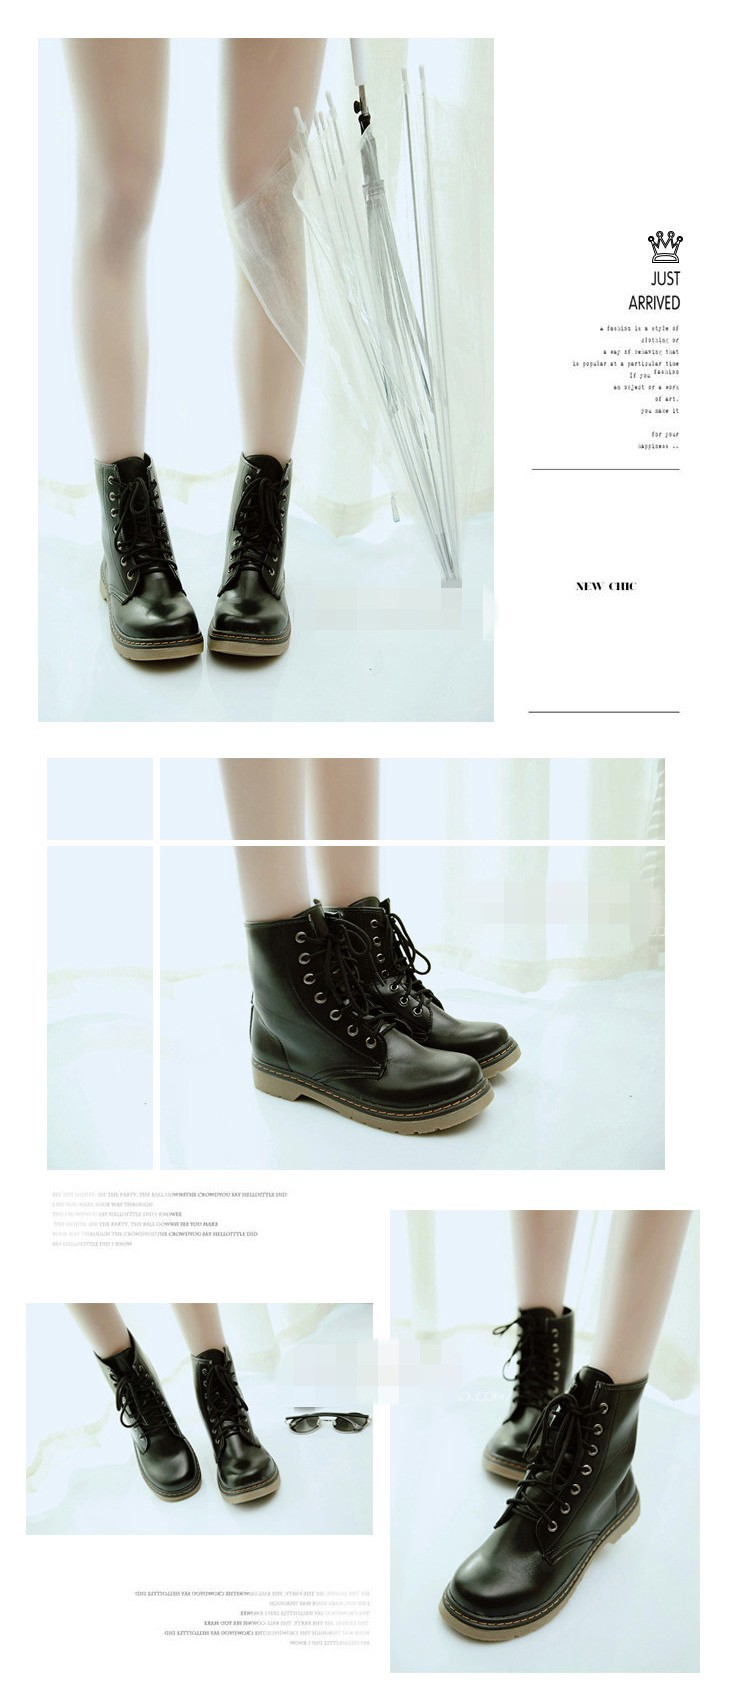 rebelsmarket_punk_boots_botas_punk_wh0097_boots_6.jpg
::::::::
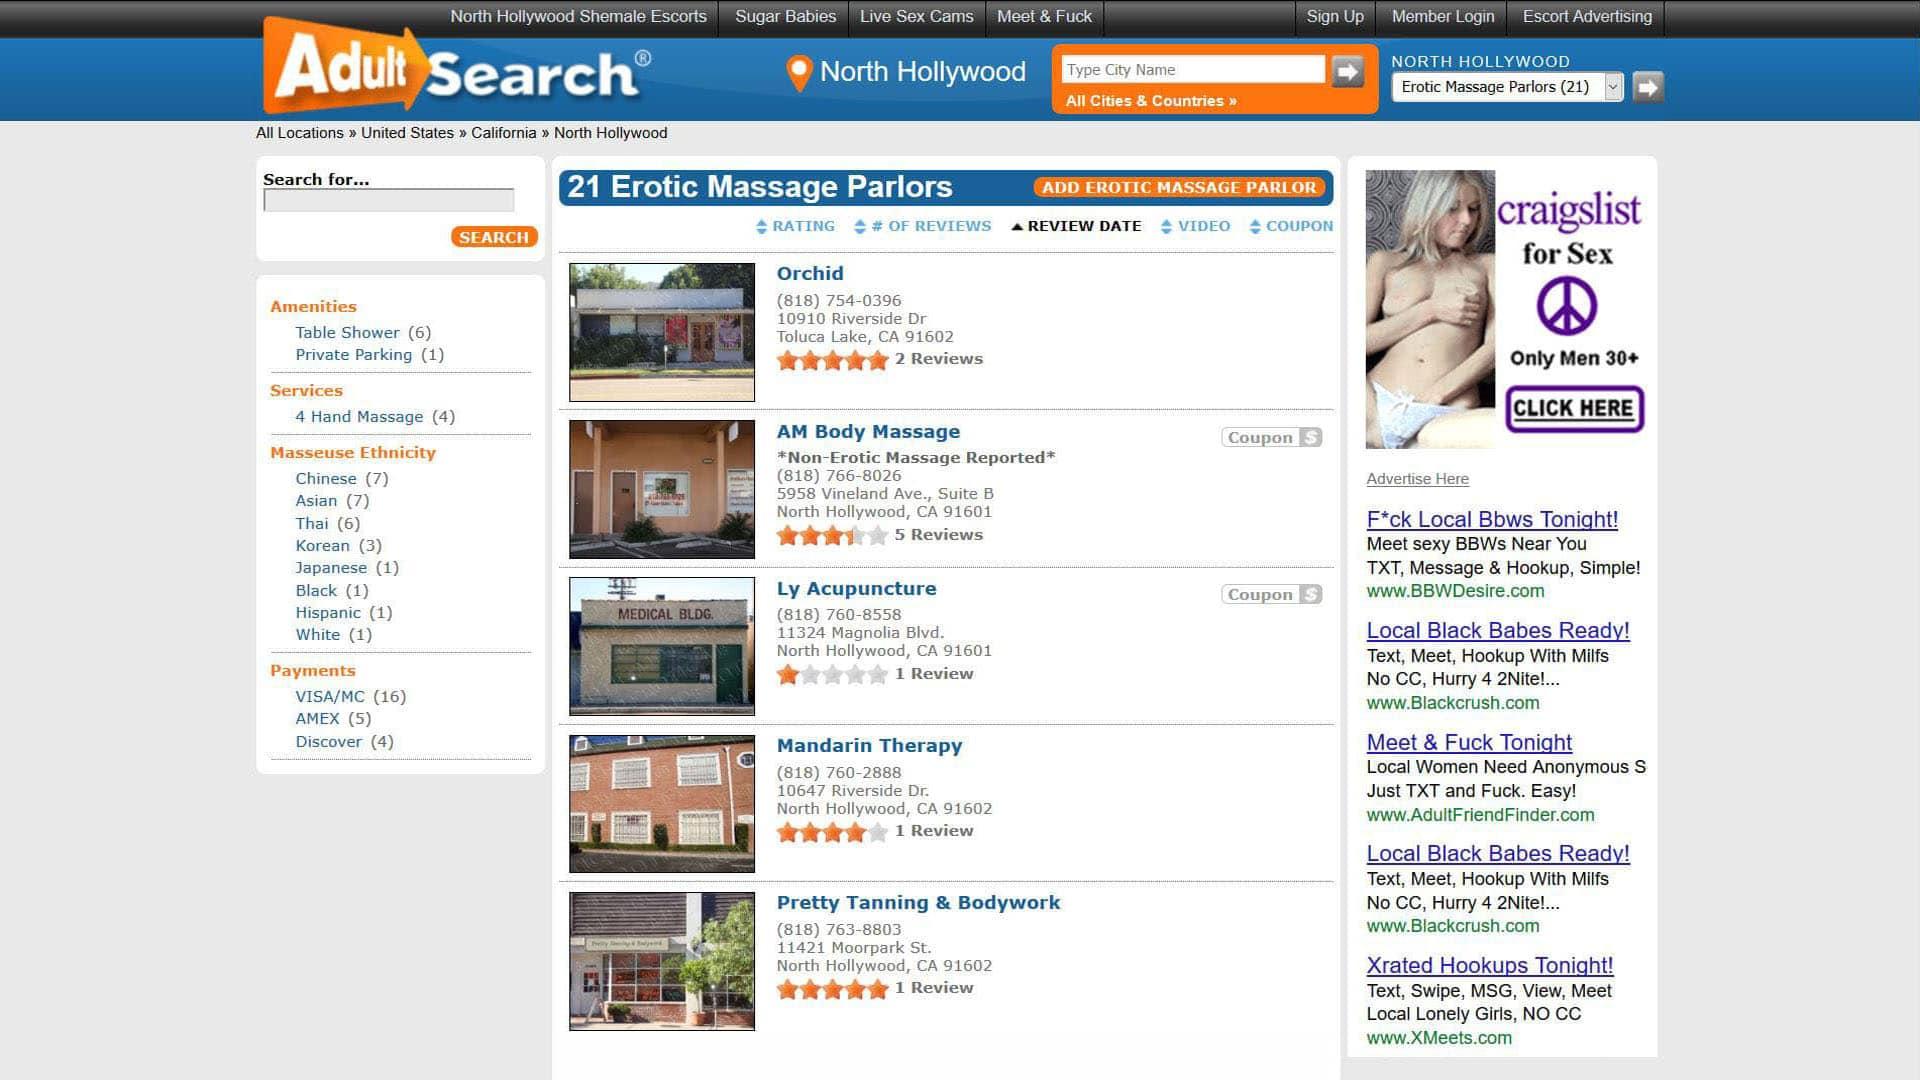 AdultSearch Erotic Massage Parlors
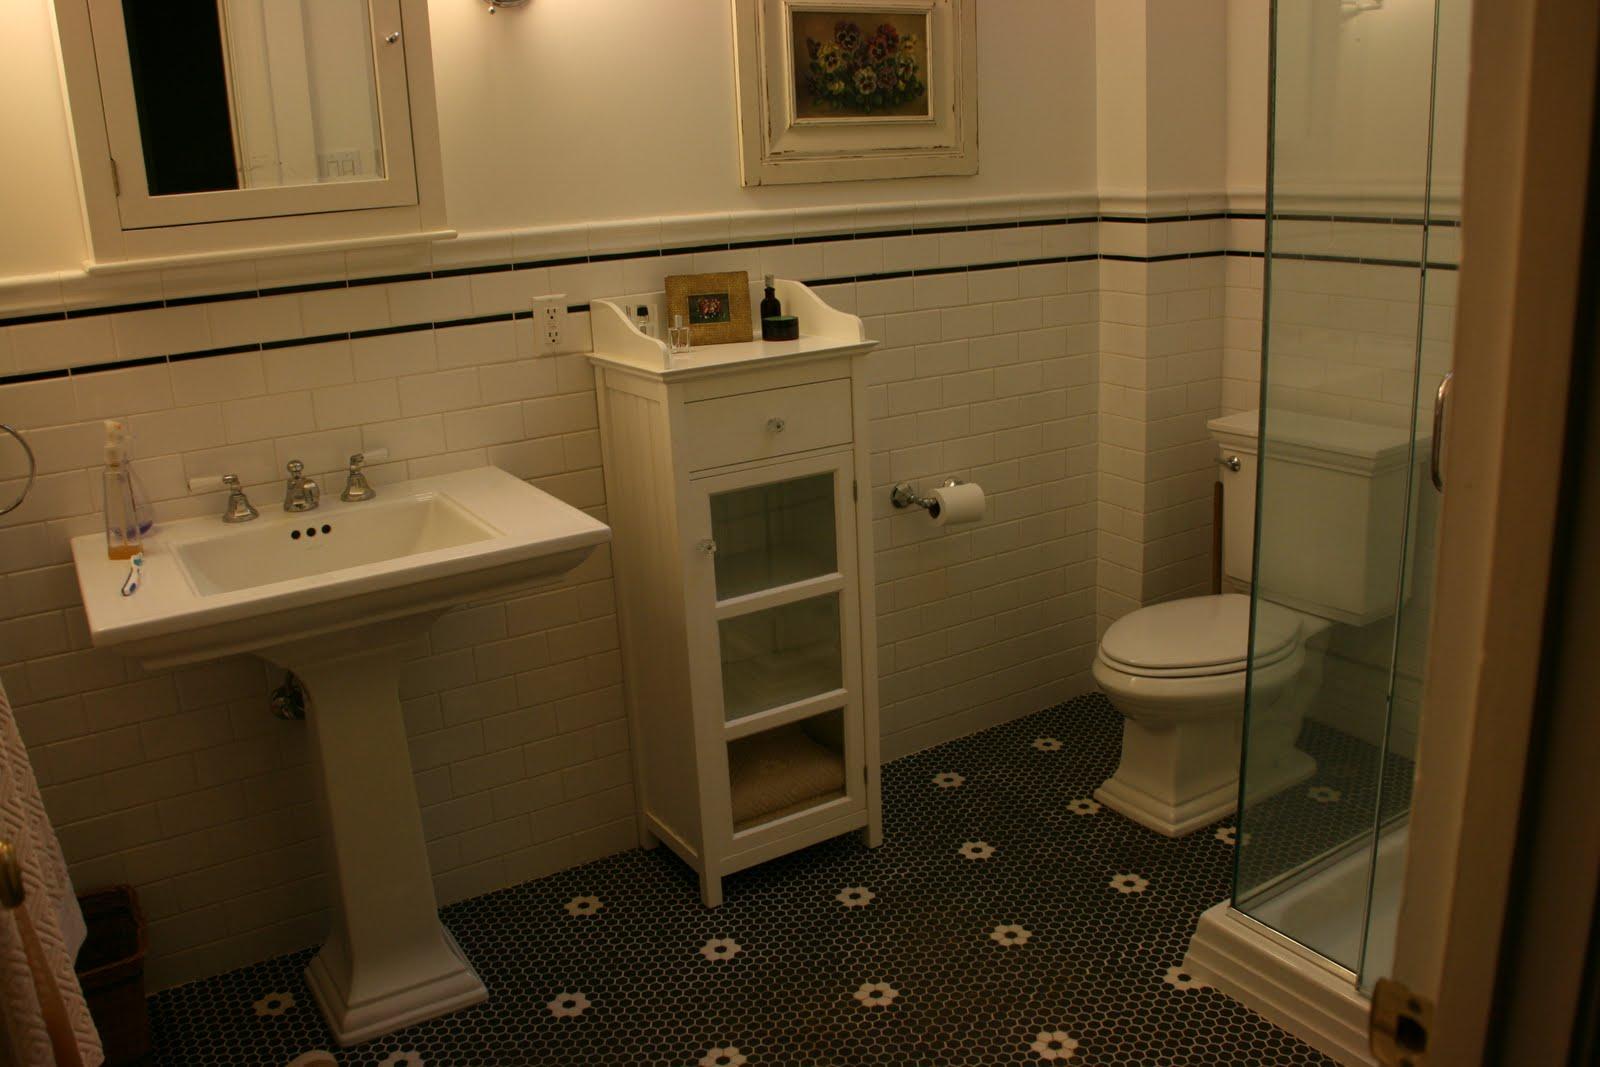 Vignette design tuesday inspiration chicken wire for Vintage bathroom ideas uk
::::::::
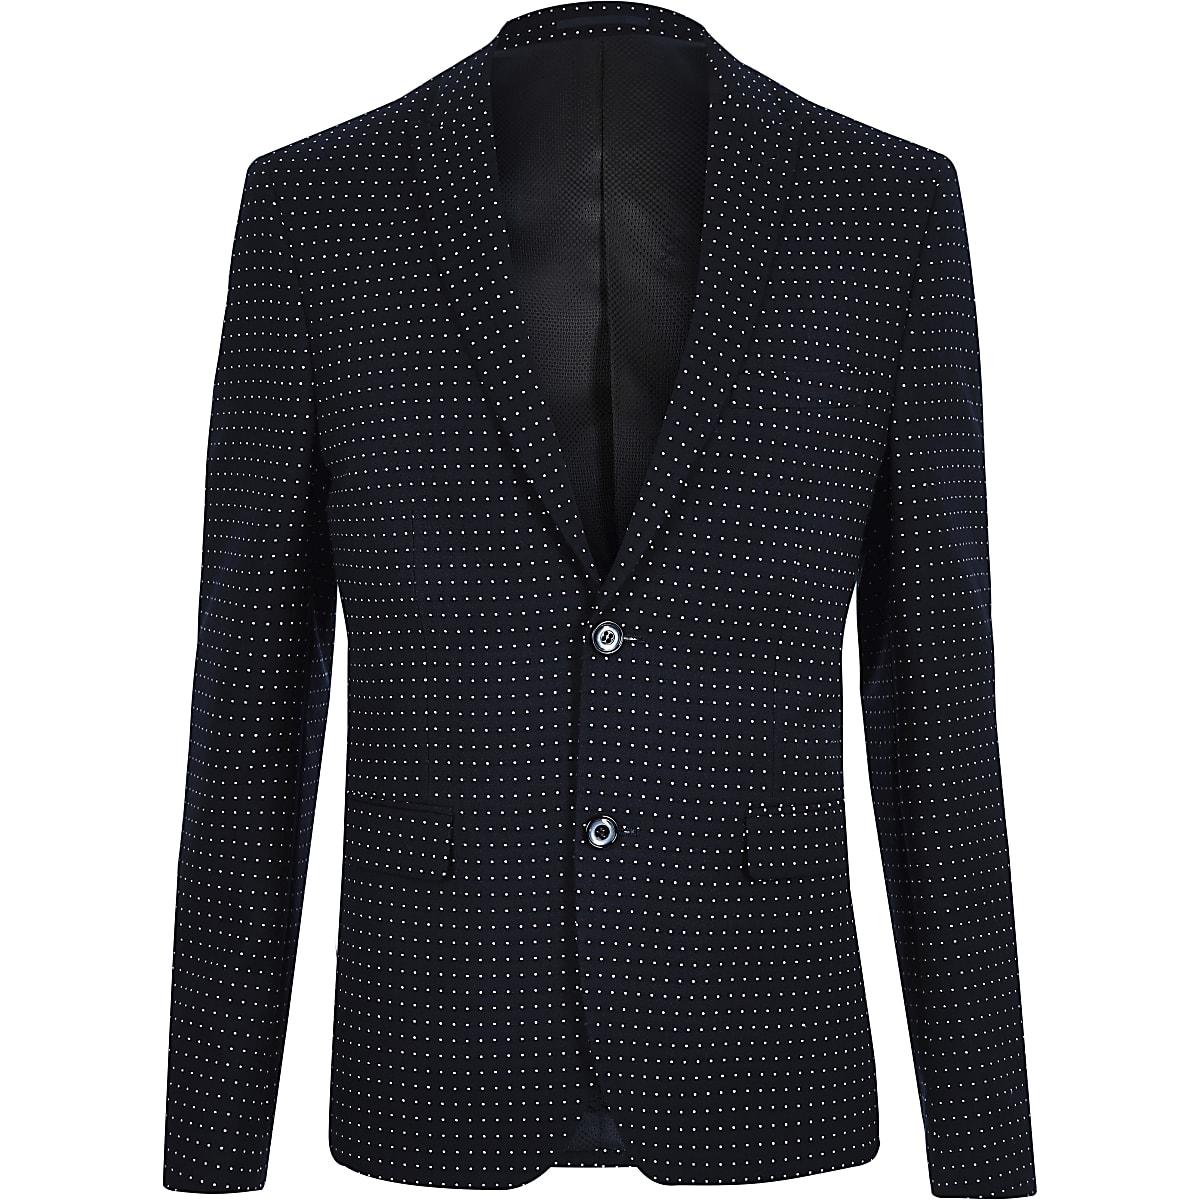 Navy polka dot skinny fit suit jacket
::::::::
> [Work to be completed]:
In the listing above, find the line holding "AdultSearch Erotic Massage Parlors" and the line holding "Vignette design tuesday". Reproduce those two lines and all between them exactly, leaving out pictures.

> [Answer to this problem]:
 AdultSearch Erotic Massage Parlors
 Vignette design tuesday inspiration chicken wire for Vintage bathroom ideas uk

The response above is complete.